The well had to be sidetracked since an 85/8-in. liner stuck about 1,000 ft (305 m) off bottom. A cement sidetrack plug was set from the top of the liner to above the 11¾-in. shoe. Drill pipe wiper balls were pumped behind the cement to prevent a cement sheath from forming inside the drill pipe.
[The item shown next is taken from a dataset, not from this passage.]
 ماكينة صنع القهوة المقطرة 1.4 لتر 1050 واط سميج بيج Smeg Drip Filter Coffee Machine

Drilling the A-6 S/T2 build to horizontal
A bicenter bit driven by a bent housing mud motor was used to drill out the sidetrack cement plug. This change enabled drilling ahead after drilling out, making 963 ft (294 m) of hole to 15,387 ft (4,693 m) at 30.1 ft/hr. The 9½-in. by 11.4-in. RCLS/MWD BHA then was used to drill to 20,820 ft (6,350 m) MD, casing point at 88° inclination in one trip. The assembly drilled 5,433 ft (1,657 m) in 65½ hours at 82.9 ft/hr. No plugged nozzles or sleeve rotation problems occurred on this sidetrack. Based on real time and memory logs, this run was judged the best from the dynamic loading point of view. An optimized blend of experiences from previous runs, bit selection, RWD and bit compatibility, drilling practices and parameters contributed to the reduced dynamic loading.
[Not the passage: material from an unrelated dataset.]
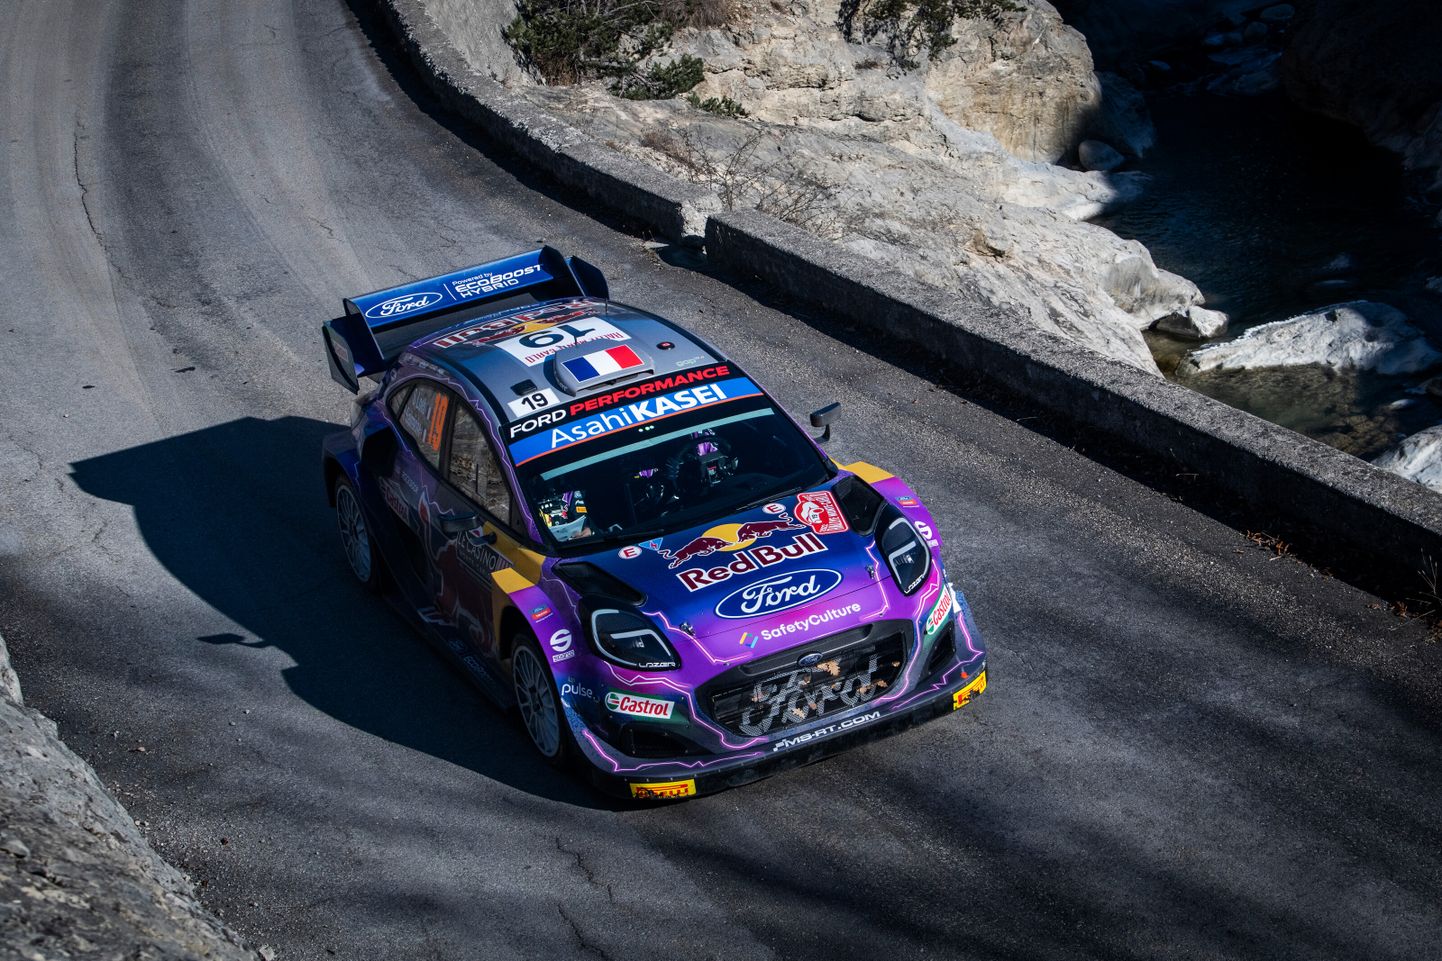 Sébastien Loeb võitis ajaloo esimese MM-etapi, kus kasutusel oli Rally1-autod. WRC2 maailmameister Andreas Mikkelsen arvab, et uusi autotootjaid näeb WRC-sarjas alles siis, kui kasutusele tulevad täiselektrilised ralliautod.

The 9½-in. by 11.4-in. RCLS/RWD system successfully drilled and opened about 20,000 ft (6,100 m) of hole at inclinations from 30° to 88°. The directional targets of the 3-D profile well were intersected at the desired inclination and azimuth. This drilling experience aids in making the following assessments:
• RCLS/RWD usage decreased interval cost per foot 50%, increased net ROP including connections 85%, and increased instantaneous on-bottom ROP 30%, compared to the best offset drilled with bent-housing mud motors and bicenter PDC bits;
• no MWD detection problems occurred due to the use of RWD sub and nozzles above the MWD tool;
• wireline caliper logs showed that combined RCLS/RWD system opened the hole to the planned diameter;
• the RCLS tool is capable of drilling greater than 7,000 ft (2,135 m) in a single run and achieving build rates of 7°/100ft;
• combined use of RCLS and RWD tools does not cause additional vibration that affects tool reliability; and
• drill pipe wiper balls or plugs should be pumped behind all cement jobs to prevent a cement sheath from forming inside the drill pipe and affecting the performance of the RCLS/RWD sub.
Acknowledgments
This article is based on paper SPE/IADC 67760, "First Simultaneous Application of Rotary Steerable/Ream-While-Drill on Ursa Horizontal Well," originally presented at the SPE/IADC Drilling Conference held in Amsterdam, the Netherlands, Feb. 27 - March 1, 2001. The authors thank Ursa partners (Shell, BP Amoco, Conoco, ExxonMobil) for permission to publish the paper.